PE (Gravitational) = m*g*h
PE (Spring) = (1/2)*(spring constant)*(distance compressed)
KE = (1/2)(m)(v^2)
The Attempt at a Solution
I first tried to start part a by using my first equation.
PE = (2 kg)(9.81 m/s^2)(.75 m)
PE = 14.715 J
Now my instructor told me that the answer to this part was 21.6 J so I already got something wrong here.
Anyway, for part b:
I figured that the gravitational potential energy of the block before it was dropped (the answer to part a) was equal to the kinetic energy at the instant the mass makes contact with the uncompressed spring.
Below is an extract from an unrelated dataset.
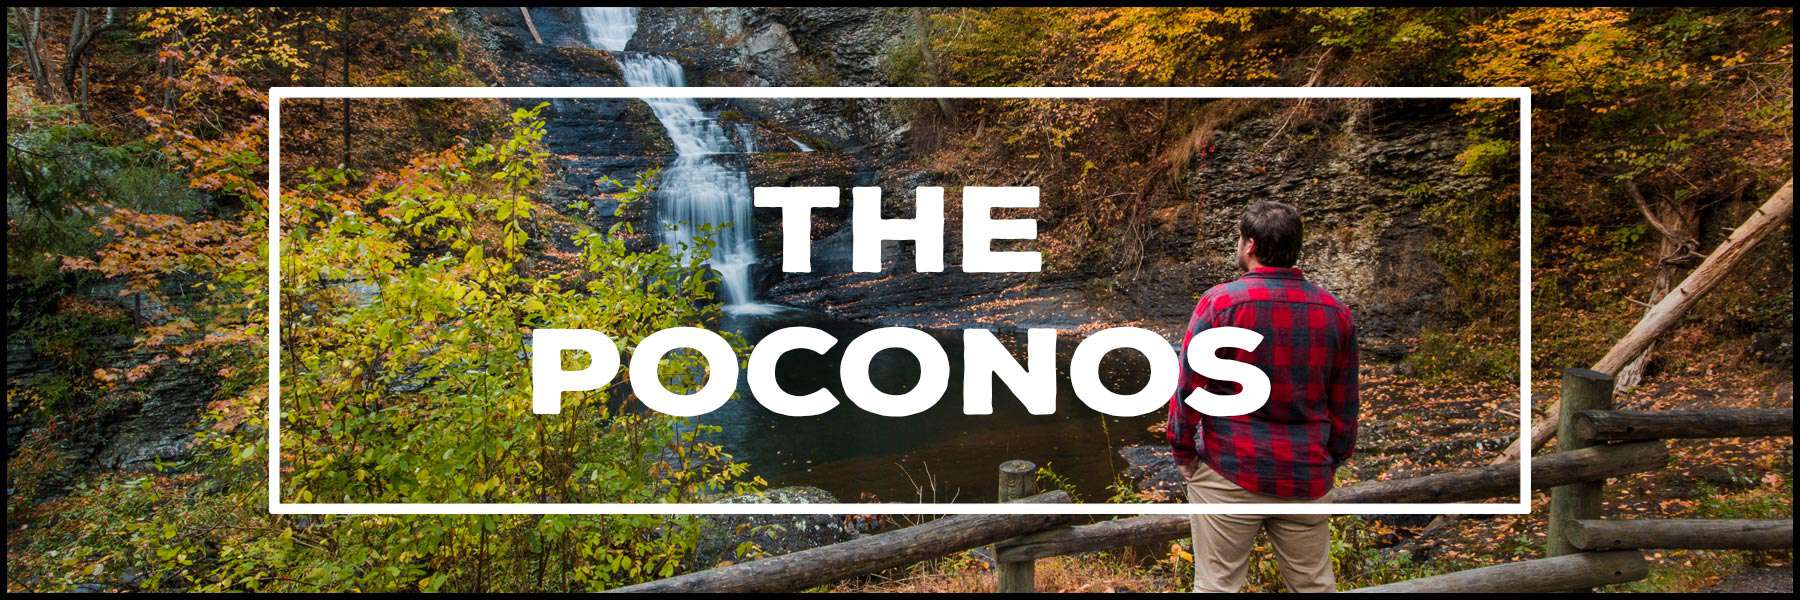 The best things to do in the Poconos of Pennsylvania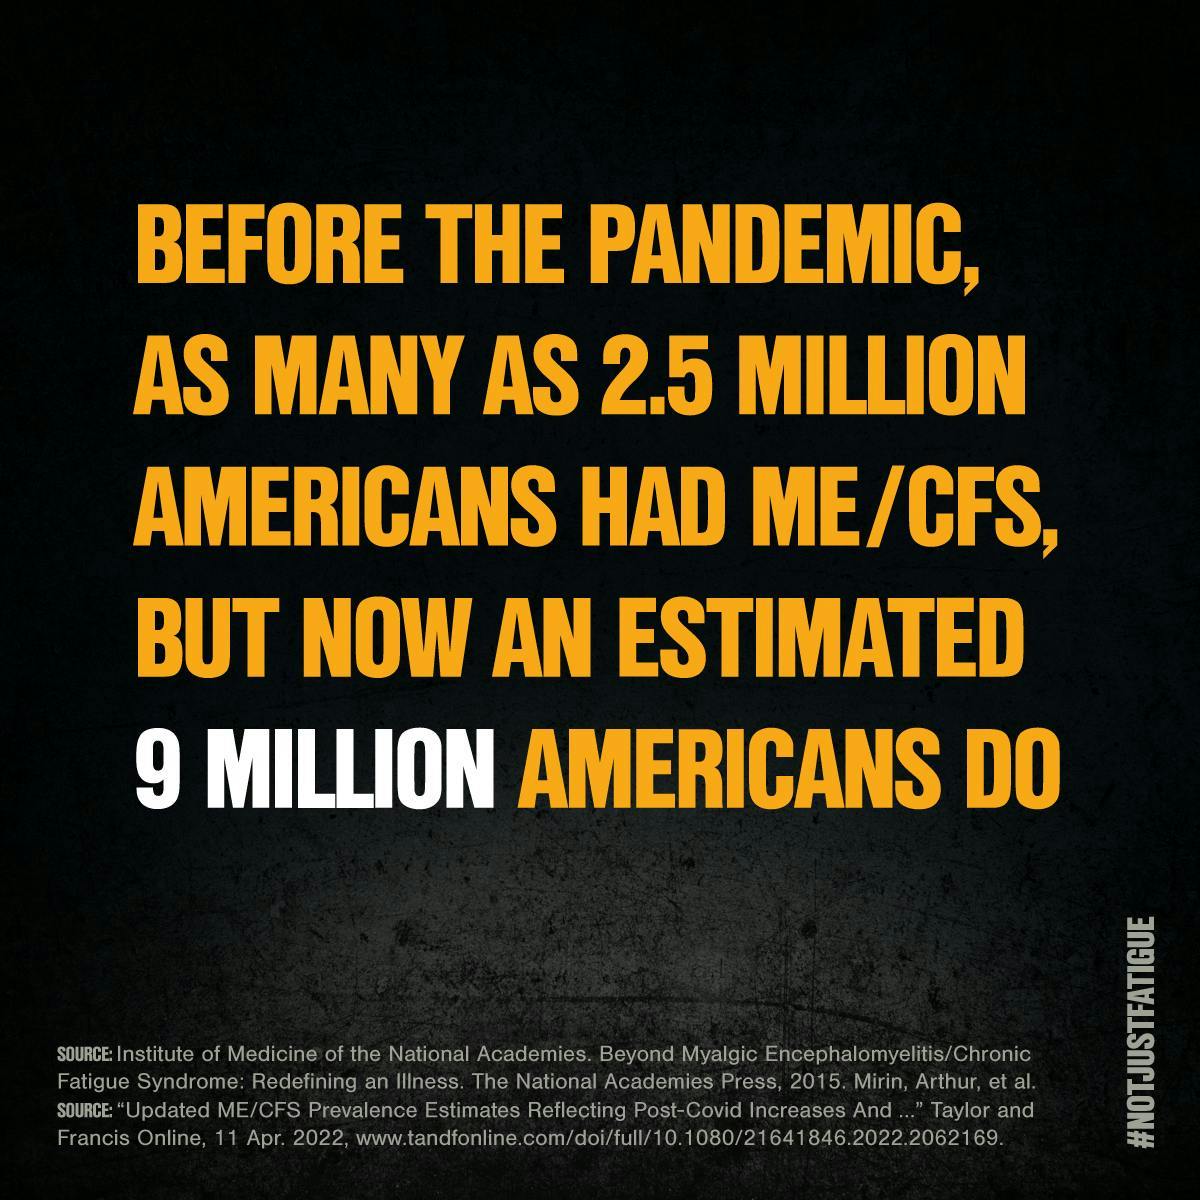 Before the pandemic, as many as 2.5 million americans had ME/CFS, but now an estimated 9 million Americans do

Thus, PE (g) = KE.
14.715 J = (1/2)(2 kg)v^2
My instructor said that the answer was 4.65 m/s. If I had used 21.6 J as the total KE, then I got that correct answer. So, therefore, my mistake must be somewhere in part a.
(I got parts c and d both correct but only when I utilized the 21.6 J that I was supposed to get in part a.)
Does anyone know how to get the 21.6 J for part a? Thanks. That's really the only issue in this problem.
Also, my instructor said that he did these answers by himself rather quickly, so there's a minor chance of a careless error he made. But I don't think that's the case.